/ 1 August 1997

Asmal names mystery arms client

Rehana Rossouw and Marion Edmunds

THE Middle Eastern country to which Denel is trying to sell arms worth R7-billion was publicly named in Cape Town last week – by Kader Asmal, the minister whose words were quoted by Denel in a successful high court bid to prevent the Mail & Guardian from identifying its client.

Asmal, Minister of Water and Forestry Affairs and chair of the Cabinet’s National Conventional Arms Control Committee, told a public conference that he could justify Denel dealing with CENSORED, and that the United States also sold huge amounts of arms to CENSORED.

Less than 24 hours earlier, Denel had successfully interdicted the M&G from naming the country to which it proposes to sell the G6 cannons. On the same day that Asmal named the country in public, Denel successfully interdicted Independent Newspapers.

In argument before Judge Willem de Villiers in the Pretoria High Court, Denel’s lawyers extensively quoted Asmal’s comments when he announced a “new Cabinet-approved policy on transparency or openness in arms transfer matters” at a media conference last Wednesday.

“At the end of the day there are such things as commercial confidentiality and trade secrets. There is such a thing as the genuine national interest,” Denel lawyers quoted Asmal as saying.

Judge de Villiers agreed. In his reasons for granting the urgent interdict he said: “No other facts have been placed before me to indicate that it is in the public interest that confidential parts of the instant transaction should be made public. To my mind, the applicant [Denel] has shown not only a prima facie right, but indeed a clear right that the confidential information should not be published.”

Yet, the following day, Asmal showed no hesitation in discussing the deal in public, says the director of the Washington-based Human Rights Watch Arms Project, Joost Hiltermann. The lobbyist for transparency in the arms trade was at a Cape Town conference organised by the Centre for Conflict Resolution, along with at least one journalist.

“Kader Asmal gave a lengthy presentation, and there was an opportunity for questions afterwards. I asked him how he justified the deal currently being discussed by the arms control committee to sell arms to CENSORED,” Hiltermann said.

“I was aware that this was the country to which reference has been made in the South African press. He did not respond, and when a colleague of mine was given an opportunity to ask him a question, I asked her to repeat my question, again explicitly naming CENSORED.

“This time he answered, saying he had no problem in justifying the deal. He said a lot of countries sell arms to CENSORED. He said the United States sold huge amounts of arms to CENSORED. He said they needed the arms from South Africa for self-defence purposes and that if they could prove that, it would be easy to justify.

“I don’t see how papers in South Africa cannot go ahead and publish the name of the country,” Hiltermann said, “quoting Kader Asmal.” A representative of Asmal said Hiltermann was “stretching it” and “confusing the general with the particular.
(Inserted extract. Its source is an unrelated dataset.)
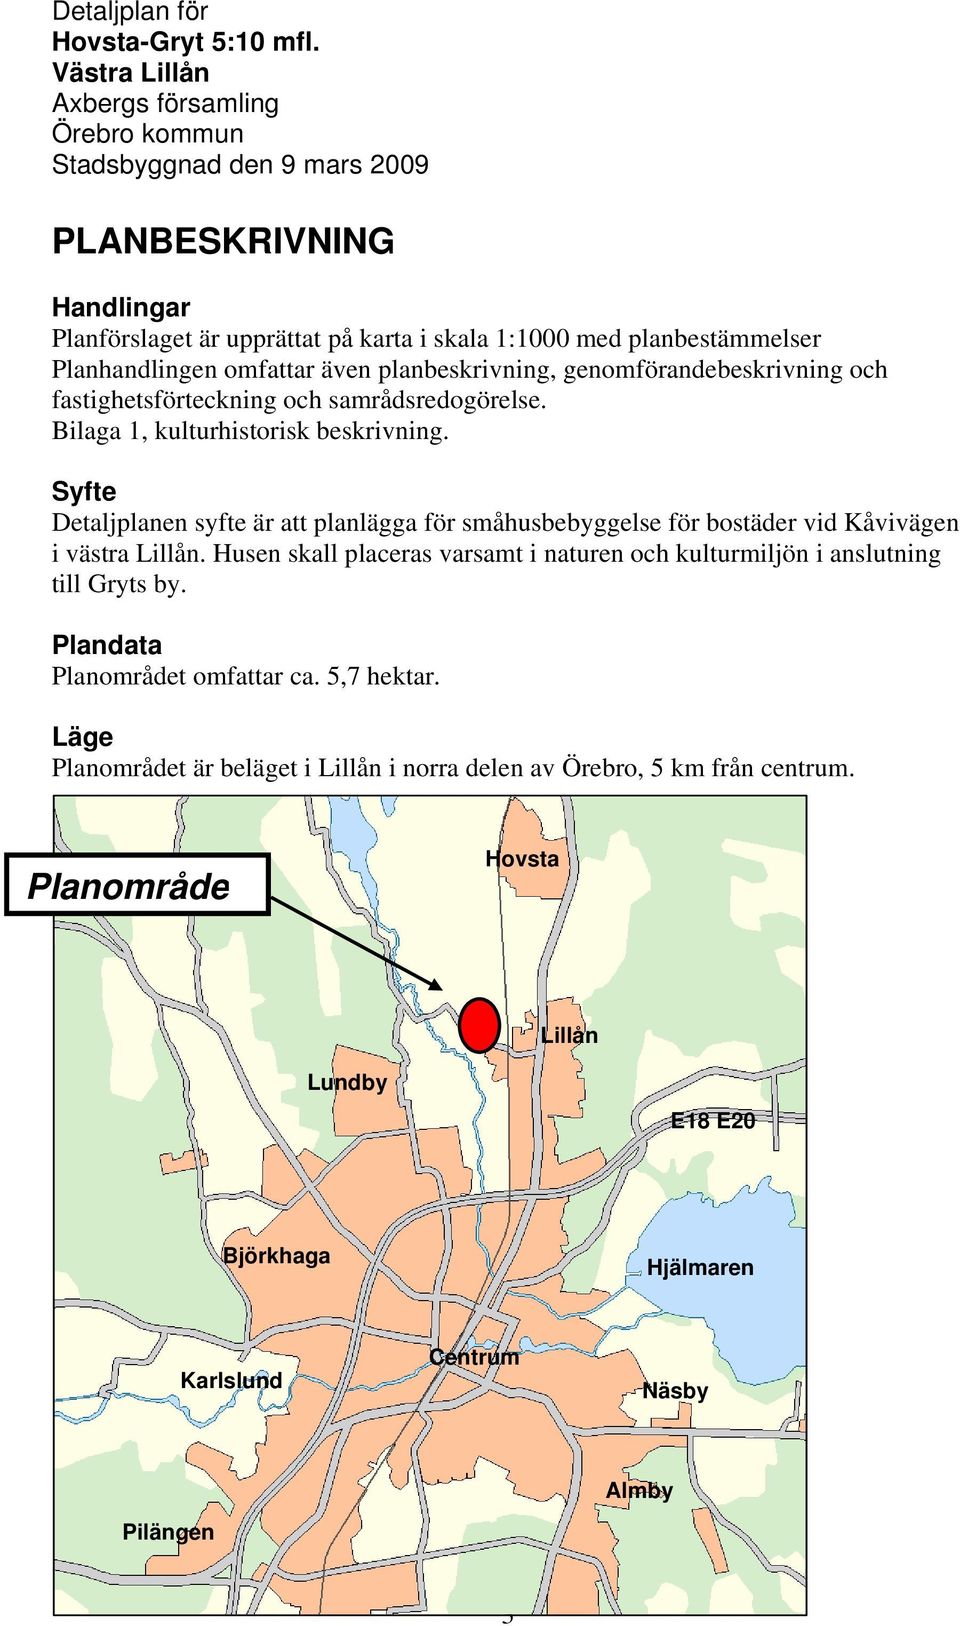 Detaljplan för HOVSTA-GRYT 5:10 mfl Västra Lillån - PDF Free Download

“Even if a minister says there is no problem selling arms to a particular country, this should not automatically be taken as an announcement confirming any particular contract. Professor Asmal has consistently respected the confidentiality of the country concerned in his utterances.”

The country has also been named on radio stations in South Africa which have not been interdicted by Denel. Newspapers abroad have also named it. Denel declined to say this week whether CENSORED had pulled out of the deal, as the arms dealer had warned in its court argument, as a result of Asmal’s candour and the wide coverage given to the name of the client.

* In its argument before Judge de Villiers, Denel said peace in Angola had severely affected its business, forcing it to retrench workers and contributing to unemployment in South Africa. Ironically, most South Africans were unaware of their country’s devastating war in Angola as the media was censored by the government at the time.

“As a result of the war in Angola, Denel was involved in many armament transactions resulting in a total necessary work force of approximately 28 000 people,” said the acting managing director of the state-owned company, Seshi Chonco, in an affidavit to the court. “As a result of peace in Angola, together with a revised policy in so far as state expenditure on military equipment is concerned, many retrenchments in the work force of Denel were necessitated.”

Calculating that every job at Denel sustains 10 in the private sector, Chonco said that a further 10 000 job losses in the private sector were threatened. However, if the deal went through, Denel could employ an extra 500 people, resulting in the employment of approximately 2 500 people in the private sector.

“Denel’s present situation is that as a result of diminishing arms sales approximately 2 000 workers will have to be disposed of in the very near future,” Chonco said.

“It is in the national interest that nothing should be done to endanger the conclusion of this arms deal.”

The Mail & Guardian will respond to Denel’s argument in the high court on August 19.